Одиночество контактного человека. Дневники 1953–1998 годов | страница 172



Значит, в отличие от «гадюшника», где все переплелось в один клубок, тут допускалась самостоятельность. Главное, не затрагивать политику и лично первых лиц. Что касается обмена мнениями и шумных споров, то почему нет?

К тому же очень важно, где это происходит. Если в ресторане Дома писателей, то неосторожность можно списать на выпитое. То же – с домами творчества. Как почти голому человеку на пляже уследить за собой? Тут если начнешь рассказывать, сразу забредешь не туда.

Об этом говорят записи. Вот А. Чаковский[677] на природе. Представляю его в «Литературной газете» – строгого и не всегда справедливого, а это он после купания – веселый и доброжелательный. Конечно, тут важно, что недавно его лишили постов и он немного растерян (запись от 30.7.89).

Можно назвать и другие фамилии – как упомянутые, так и неупомянутые. Благодаря присутствию этих людей возникает ощущение шума. Не привычного шума во дворе или за стеной, а мандельштамовского «шума времени».

Для шума нет иерархии. Рядом оказываются важные исторические обстоятельства и скромные литературные радости. Впрочем, как по-другому? Нет ничего страннее прямой линии. Только несоответствия бывают правдивы.

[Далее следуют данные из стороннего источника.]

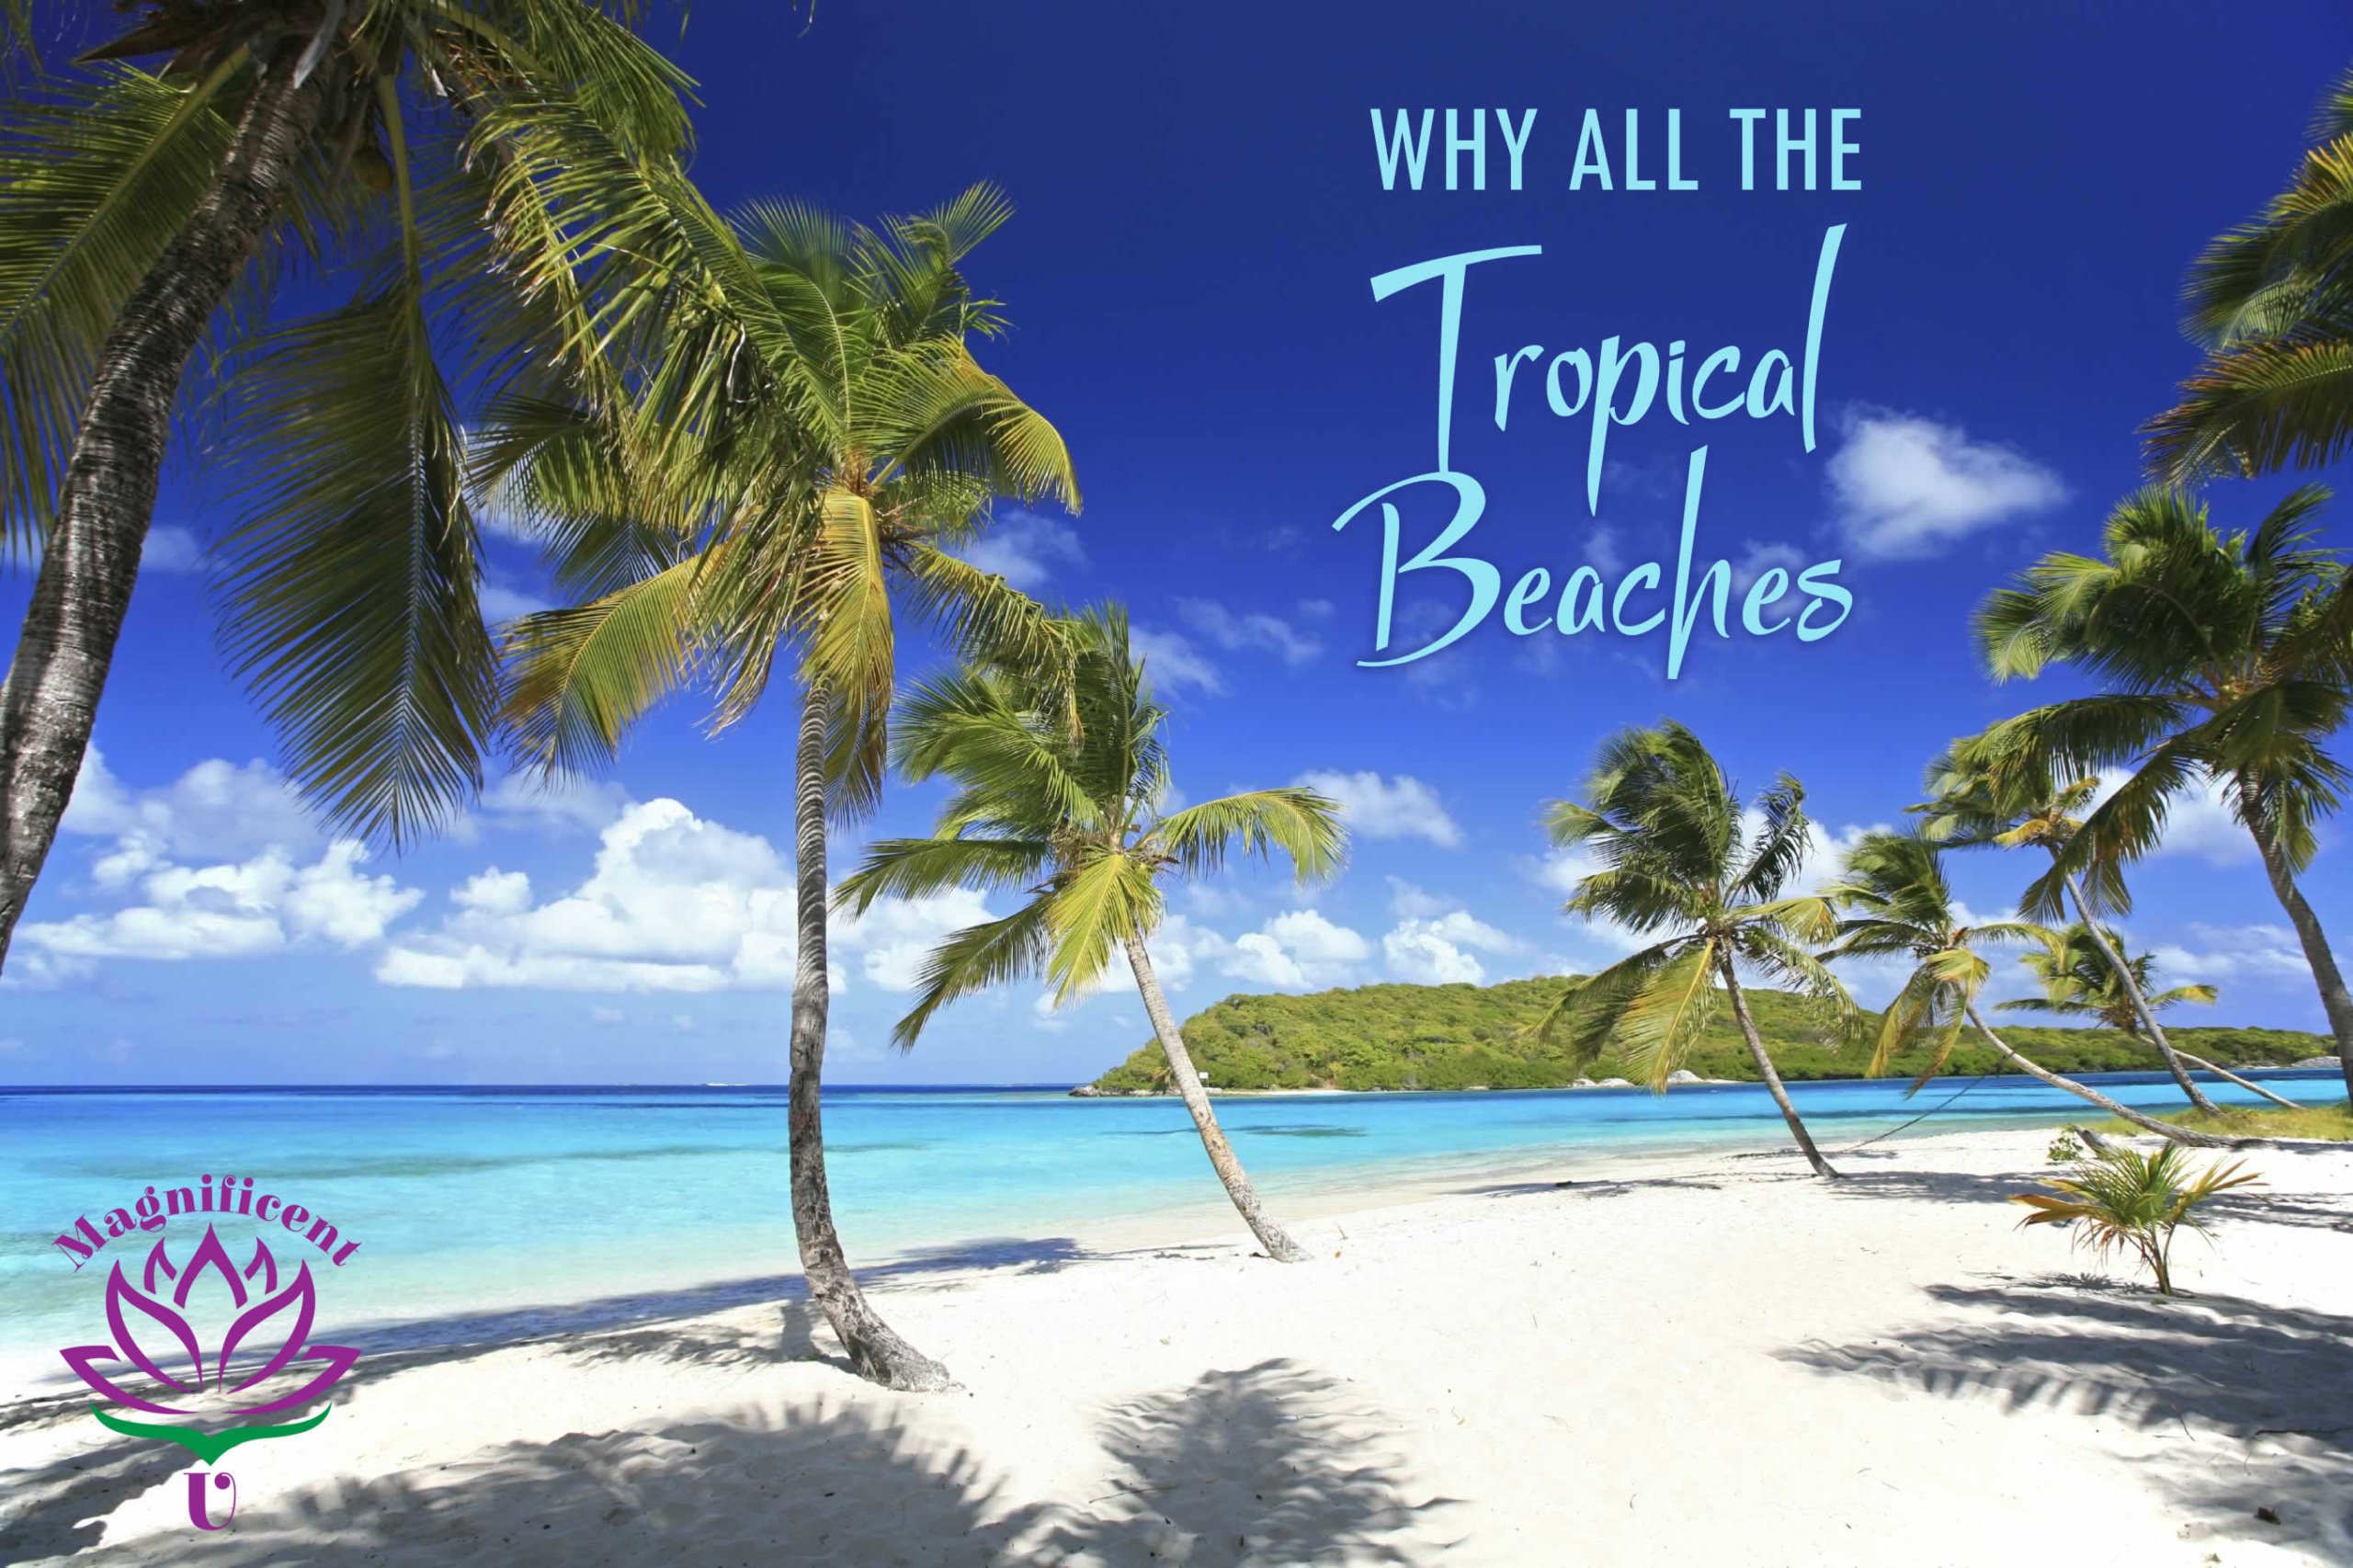 Why Tropical Beaches?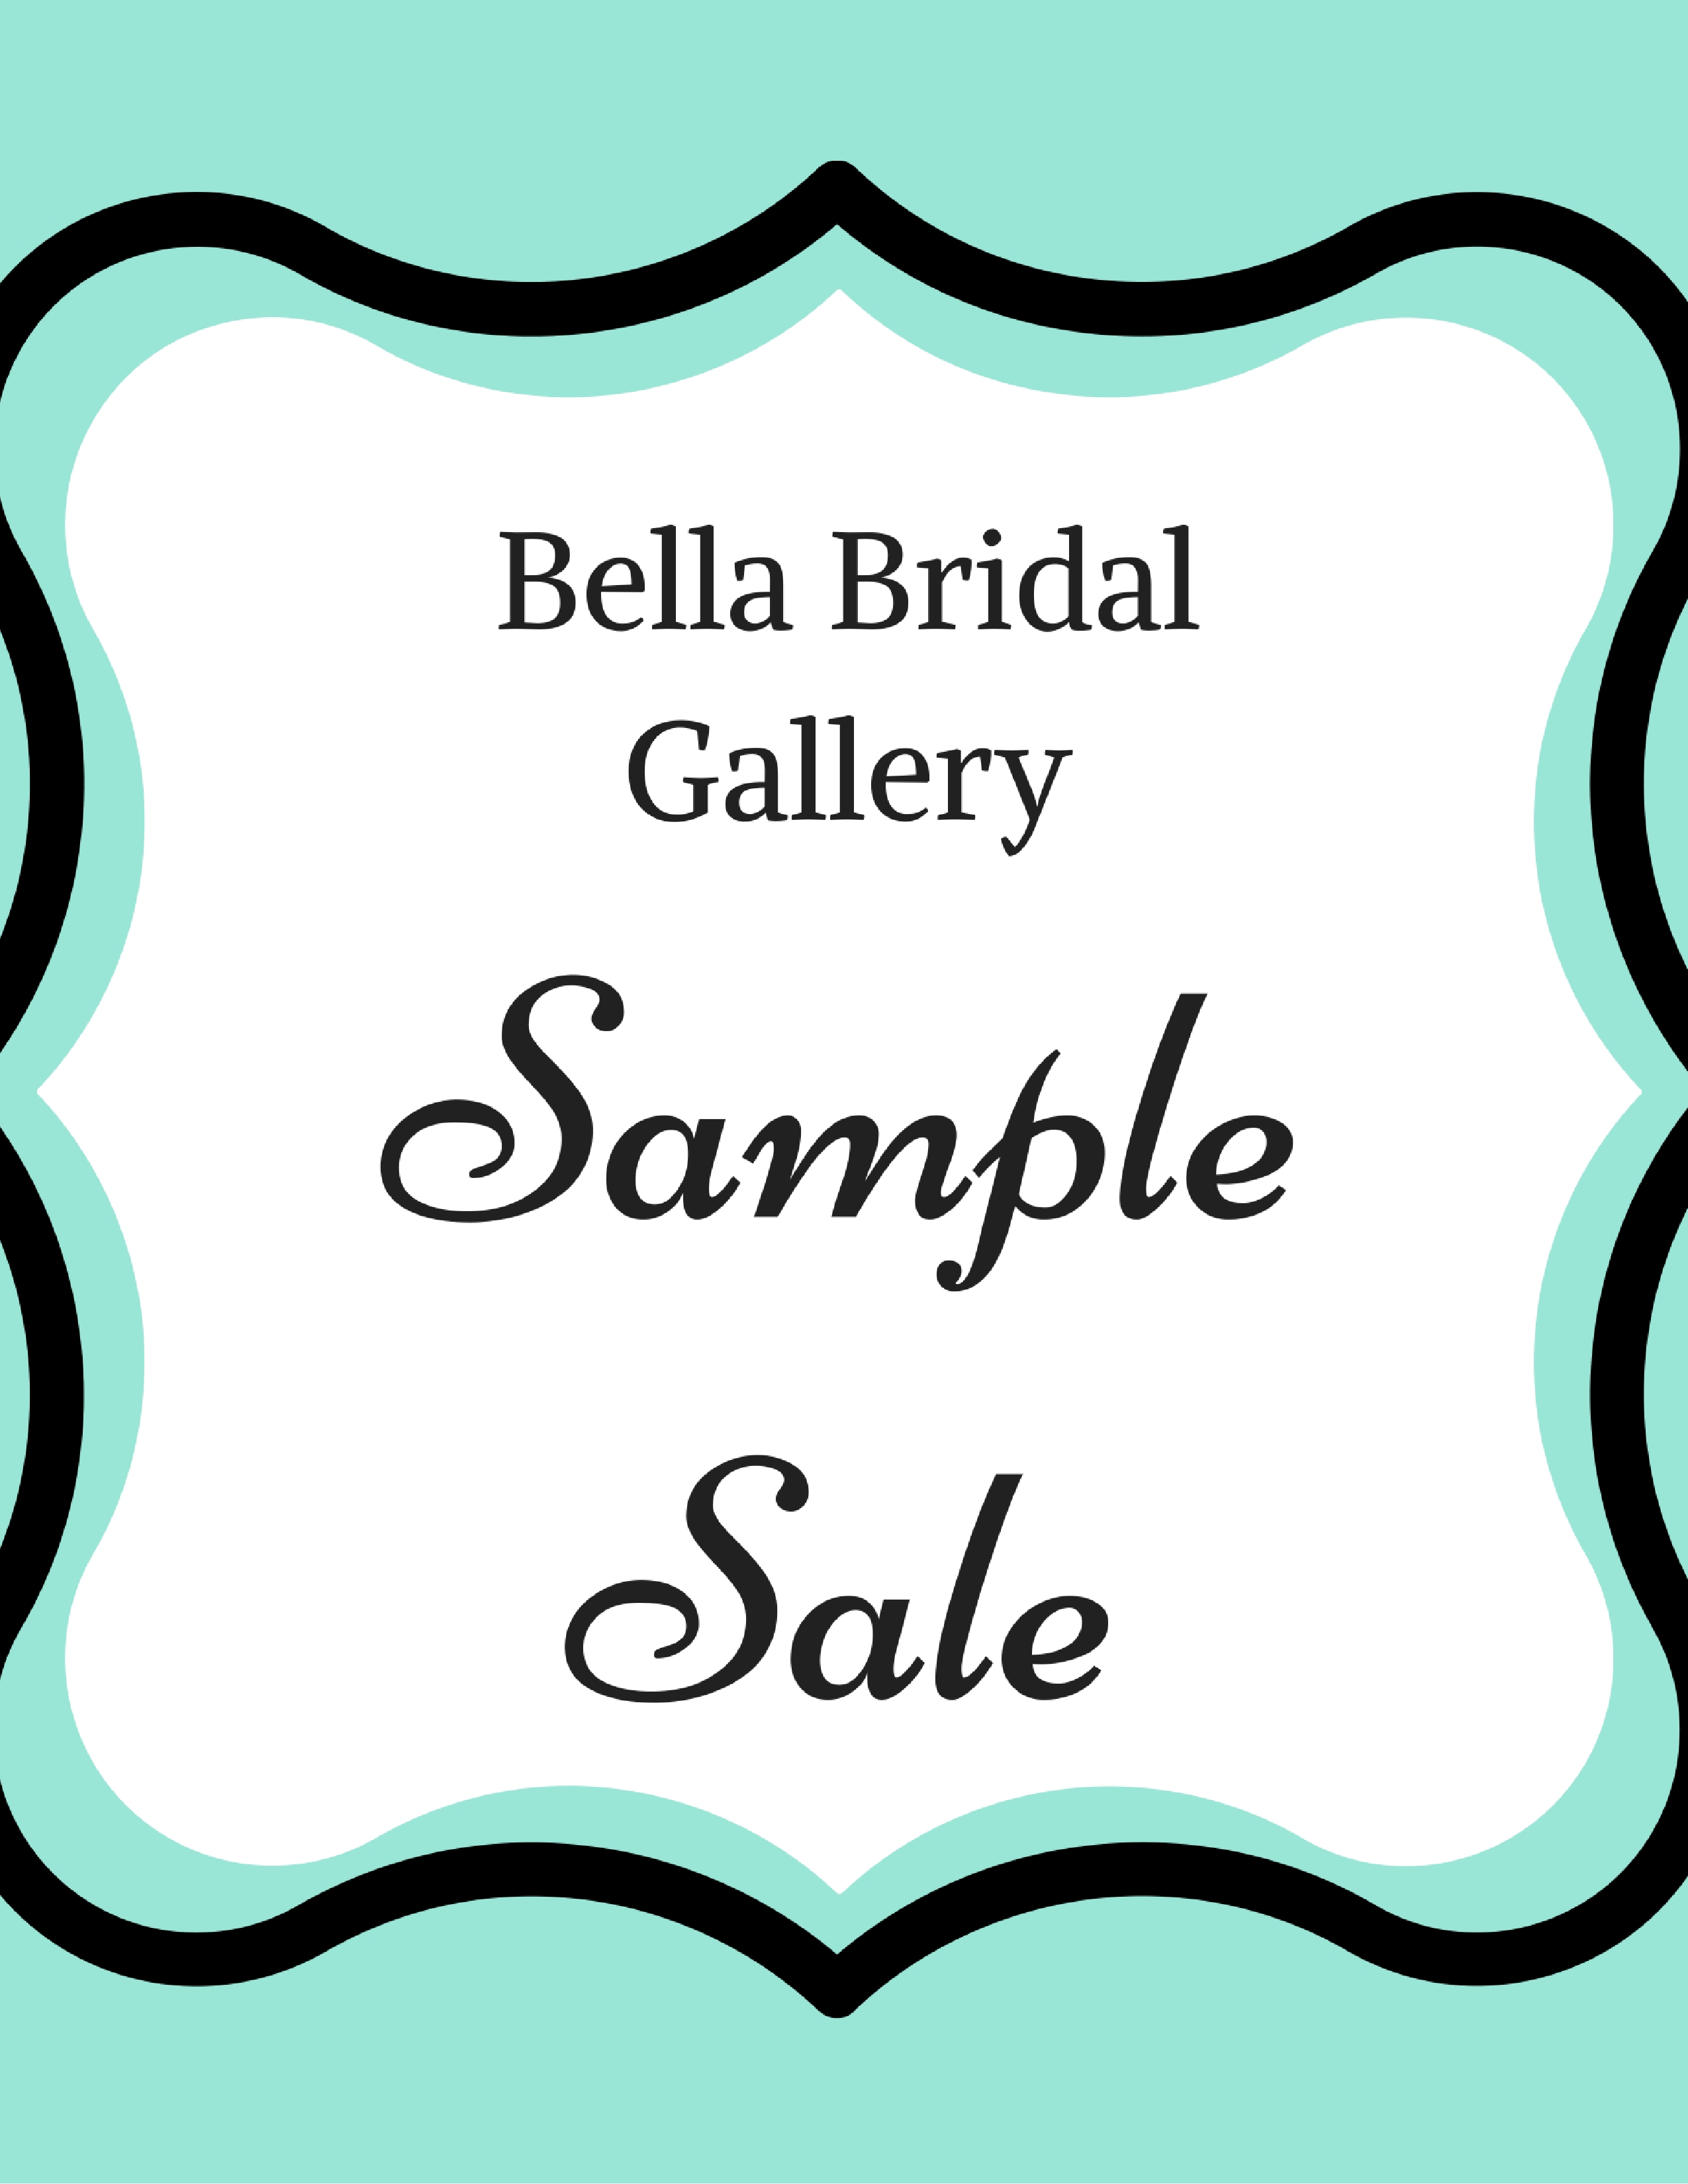 Bella Bridal Gallery

Впрочем, это не только о судьбе литератора. Не зря Чехов писал: «Люди обедают, только обедают, а в это время слагается их счастье, и разбиваются их жизни»[678]. Это значит, что ты не заметишь, как все случится. Встанешь со стула, поблагодаришь за компанию – и не узнаешь мира вокруг.

Интересно: всякий ли раз он чувствовал, что тут заложено нечто большее? Или записал, потом не вспоминал какое-то время, а когда открыл дневник на этой странице, то буквально замер.

Скорее, второй вариант. Просто фиксируешь, не задумываясь о том, что за этим возникает. Нужно еще сколько-то разговоров, чтобы все окончательно срифмовалось.

Начнем, впрочем, со случайной встречи. Обменялись несколькими фразами и двинулись по своим делам. Правда, осадок остался. Вряд ли такое забудется и через много лет.

Отец и его приятель-поэт встречают критика, который когда-то написал о поэте зло. Даже не зло, а гнусно. Все немного смущены и не знают, о чем говорить (запись от 2.10.85).

Чтобы разрядить обстановку, критик спрашивает: «А ты, надеюсь, продолжаешь писать стихи?» Вы посмотрите – он надеется. Ну а вдруг его ожидания не сбылись? А если поэт понял, что без стихов лучше? Ведь тогда у него не будет врагов.

Скорее всего, критик хотел сказать, что ничего особенного не случилось. Да, был повод понервничать, но ведь ничего больше. В результате каждый остался при своем.